Signed-off-by: Siarhei Siamashka siarhei.siamashka@gmail.com --- arch/arm/mach-exynos4/cpu.c | 2 +- 1 files changed, 1 insertions(+), 1 deletions(-)
diff --git a/arch/arm/mach-exynos4/cpu.c b/arch/arm/mach-exynos4/cpu.c index ba503c3..1afd25f 100644 --- a/arch/arm/mach-exynos4/cpu.c +++ b/arch/arm/mach-exynos4/cpu.c @@ -238,7 +238,7 @@ static int __init exynos4_l2x0_cache_init(void) __raw_writel(0x110, S5P_VA_L2CC + L2X0_DATA_LATENCY_CTRL);
/* L2X0 Prefetch Control */ - __raw_writel(0x30000007, S5P_VA_L2CC + L2X0_PREFETCH_CTRL); + __raw_writel(0x78000007, S5P_VA_L2CC + L2X0_PREFETCH_CTRL);
/* L2X0 Power Control */ __raw_writel(L2X0_DYNAMIC_CLK_GATING_EN | L2X0_STNDBY_MODE_EN,
Hi Siarhei,
Interesting feature, and it's not samsung soc issue, so add the arm mailing list. It checked and the see the read performance improvement from 868MiB/s to 981MiB/s with lmbench. It's helpful to test other SoC., e.g., OMAP4, STE and so on.
BTW, why do you set the 27-bit? In my PL310 Spec., it's reserved bit and should be zero (SBZ).
Thank you, Kyungmin Park
On Tue, Sep 13, 2011 at 3:07 PM, Siarhei Siamashka siarhei.siamashka@gmail.com wrote:
Setting "Double linefill enable" bit improves memcpy performance from ~750 MB/s to ~1150 MB/s when working with large buffers and also the performance of just anything which may need good memory bandwidth (for example, software rendered graphics).
Additionally setting "Double linefill on WRAP read disable" bit compensates most of the random access latency increase.
Signed-off-by: Siarhei Siamashka siarhei.siamashka@gmail.com
arch/arm/mach-exynos4/cpu.c | 2 +- 1 files changed, 1 insertions(+), 1 deletions(-)
diff --git a/arch/arm/mach-exynos4/cpu.c b/arch/arm/mach-exynos4/cpu.c index ba503c3..1afd25f 100644 --- a/arch/arm/mach-exynos4/cpu.c +++ b/arch/arm/mach-exynos4/cpu.c @@ -238,7 +238,7 @@ static int __init exynos4_l2x0_cache_init(void) __raw_writel(0x110, S5P_VA_L2CC + L2X0_DATA_LATENCY_CTRL);
/* L2X0 Prefetch Control */
- __raw_writel(0x30000007, S5P_VA_L2CC + L2X0_PREFETCH_CTRL);
- __raw_writel(0x78000007, S5P_VA_L2CC + L2X0_PREFETCH_CTRL);
/* L2X0 Power Control */ __raw_writel(L2X0_DYNAMIC_CLK_GATING_EN | L2X0_STNDBY_MODE_EN, -- 1.7.3.4
linaro-dev mailing list linaro-dev@lists.linaro.org http://lists.linaro.org/mailman/listinfo/linaro-dev
On Wednesday 14 September 2011 11:38 AM, Kyungmin Park wrote:
Hi Siarhei,
Interesting feature, and it's not samsung soc issue, so add the arm mailing list.

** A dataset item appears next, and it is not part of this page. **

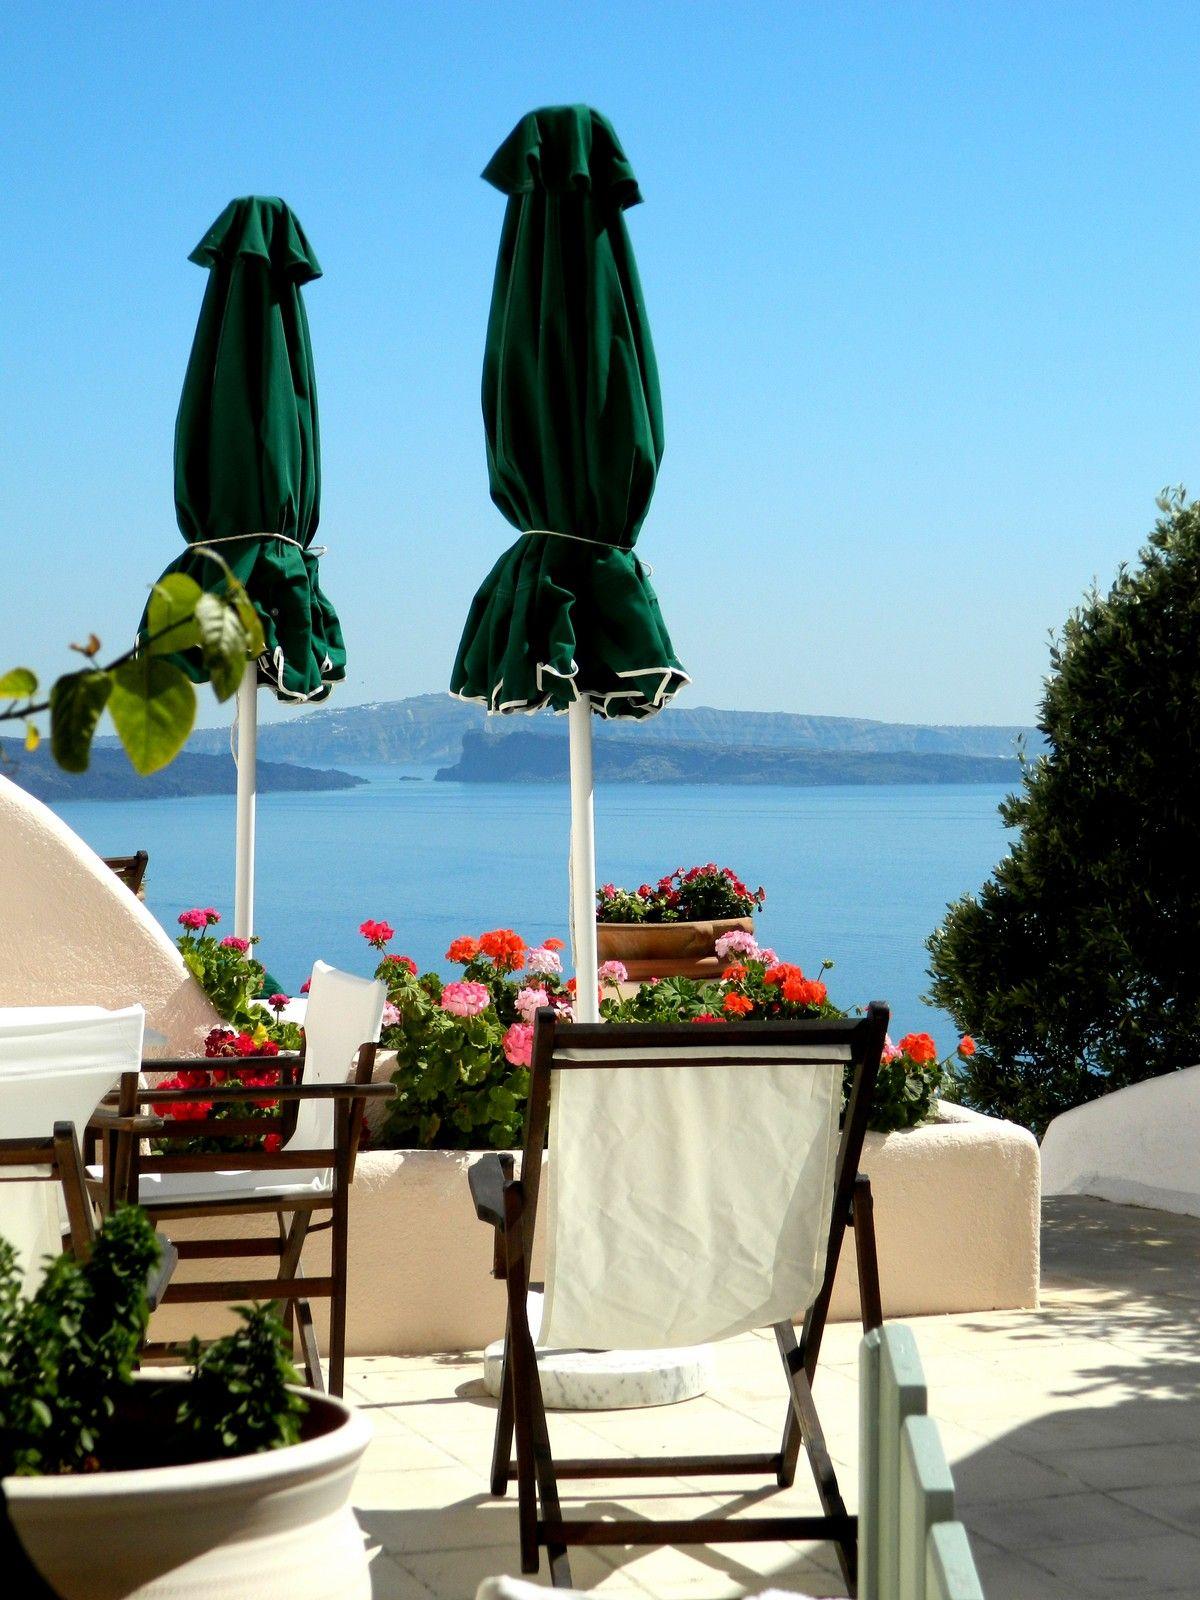 Aris Caves freshome hotel review: aris caves in oia, santorini | evimizzzz

It checked and the see the read performance improvement from 868MiB/s to 981MiB/s with lmbench. It's helpful to test other SoC., e.g., OMAP4, STE and so on.
BTW, why do you set the 27-bit? In my PL310 Spec., it's reserved bit and should be zero (SBZ).

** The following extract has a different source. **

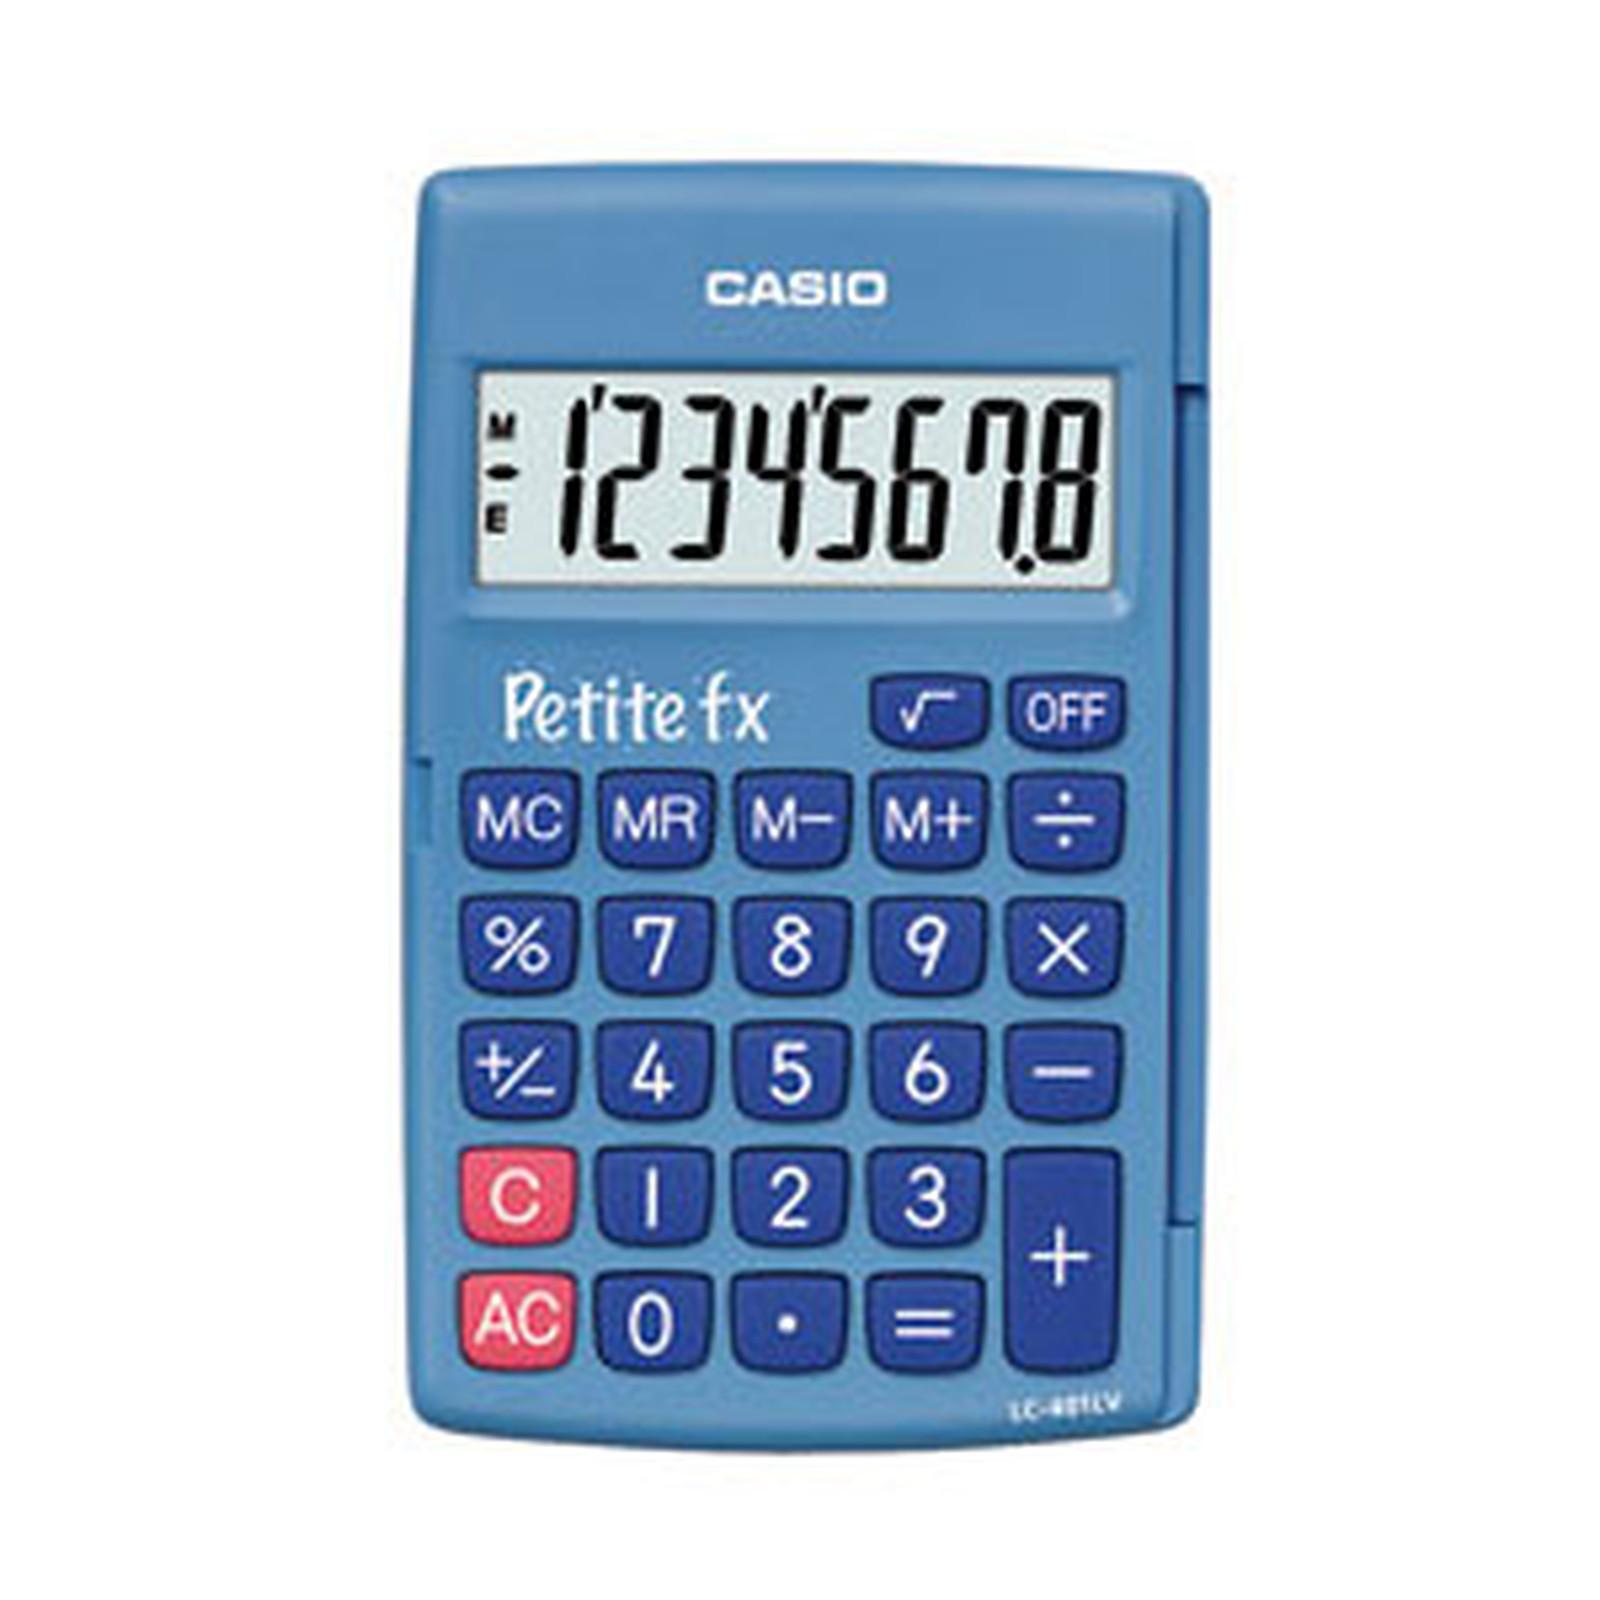 Casio Petite FX Blue - Calculadora de bolsillo de CP a CE2

That's because not all PL310 versions double line fill.
Regards santosh
On Wed, Sep 14, 2011 at 9:08 AM, Kyungmin Park kmpark@infradead.org wrote:
Hi Siarhei,
Interesting feature, and it's not samsung soc issue, so add the arm mailing list. It checked and the see the read performance improvement from 868MiB/s to 981MiB/s with lmbench.

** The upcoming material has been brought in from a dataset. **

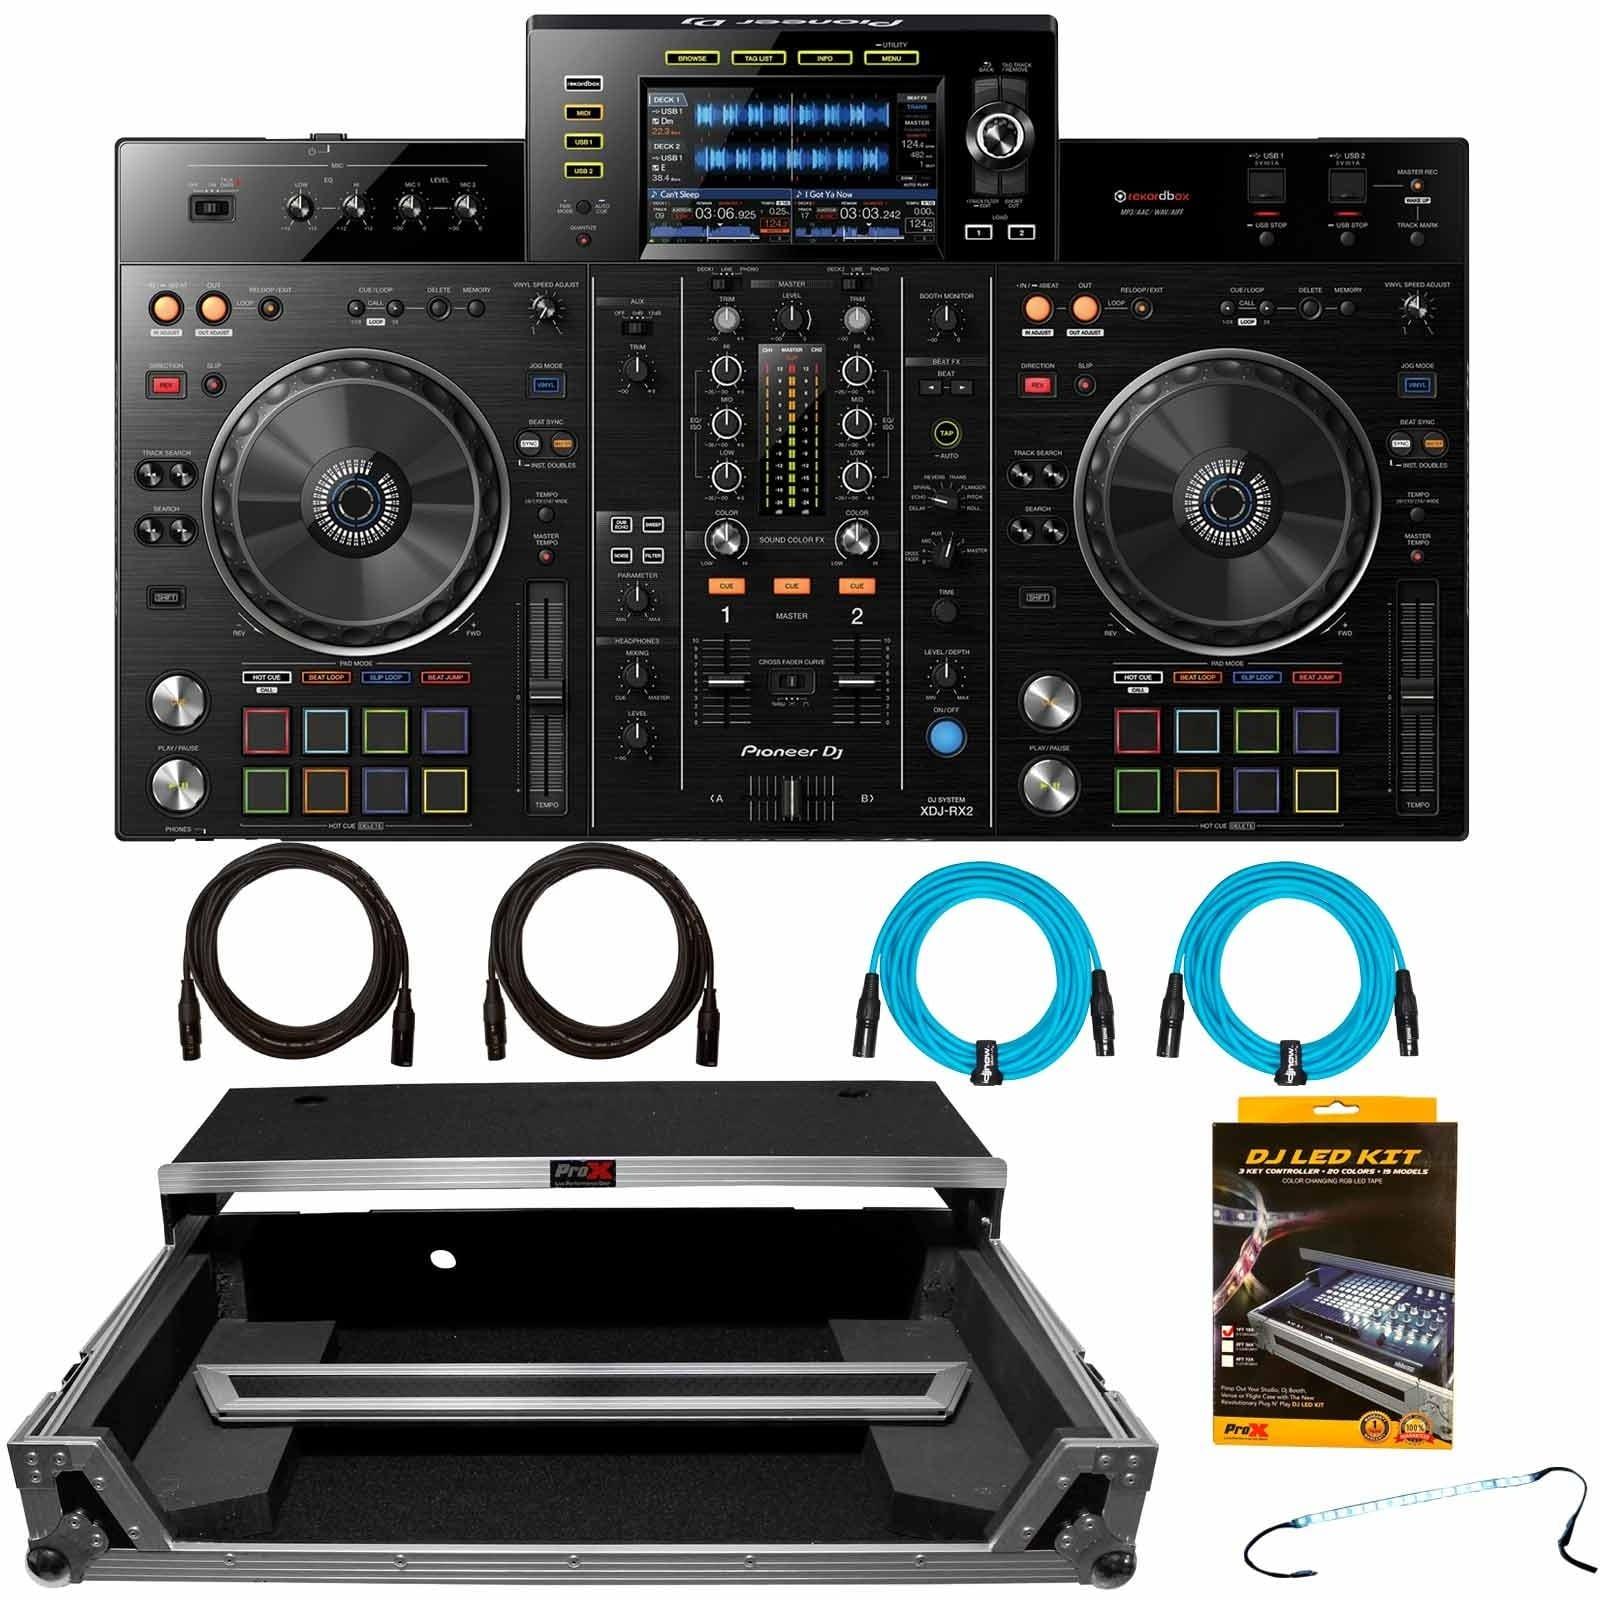 pioneer-dj-xdj-rx2-2-channel-professional-rekordbox-dj-system-with-chrome-silver-flight-case-package-e41.jpg

Maybe lmbench does not try very hard to get the best out of the hardware? On my origenboard, I'm getting ~1.15GB/s performance for the standard LDM/STM based memcpy from libc-ports, which is ~2.3GB/s memory bandwidth if both reads and writes are accounted separately.
It's helpful to test other SoC., e.g., OMAP4, STE and so on.
The current (?) state of the support for this feature in OMAP4 is explained here by Richard Woodruff: http://groups.google.com/group/pandaboard/msg/dfd2d2e1336d435b
BTW, why do you set the 27-bit? In my PL310 Spec., it's reserved bit and should be zero (SBZ).
This PL310 thing seems to have been renamed to "CoreLink Level 2 Cache Controller L2C-310" in later revisions, and its Prefetch Control Register is described here: http://infocenter.arm.com/help/topic/com.arm.doc.ddi0246f/CHDHIECI.html
Sorry for the confusing subject.
Regarding bit 27 ('Double linefill on WRAP read disable'), it seems to reduce the impact of enabling double linefill on the random access latency as measured by my self-written simple memory benchmark program: http://github.com/downloads/ssvb/ssvb-membench/ssvb-membench-0.1.tar.gz
On Wed, Sep 14, 2011 at 4:43 PM, Siarhei Siamashka siarhei.siamashka@gmail.com wrote:
On Wed, Sep 14, 2011 at 9:08 AM, Kyungmin Park kmpark@infradead.org wrote:
Hi Siarhei,
Interesting feature, and it's not samsung soc issue, so add the arm mailing list. It checked and the see the read performance improvement from 868MiB/s to 981MiB/s with lmbench.
Maybe lmbench does not try very hard to get the best out of the hardware? On my origenboard, I'm getting ~1.15GB/s performance for the standard LDM/STM based memcpy from libc-ports, which is ~2.3GB/s memory bandwidth if both reads and writes are accounted separately.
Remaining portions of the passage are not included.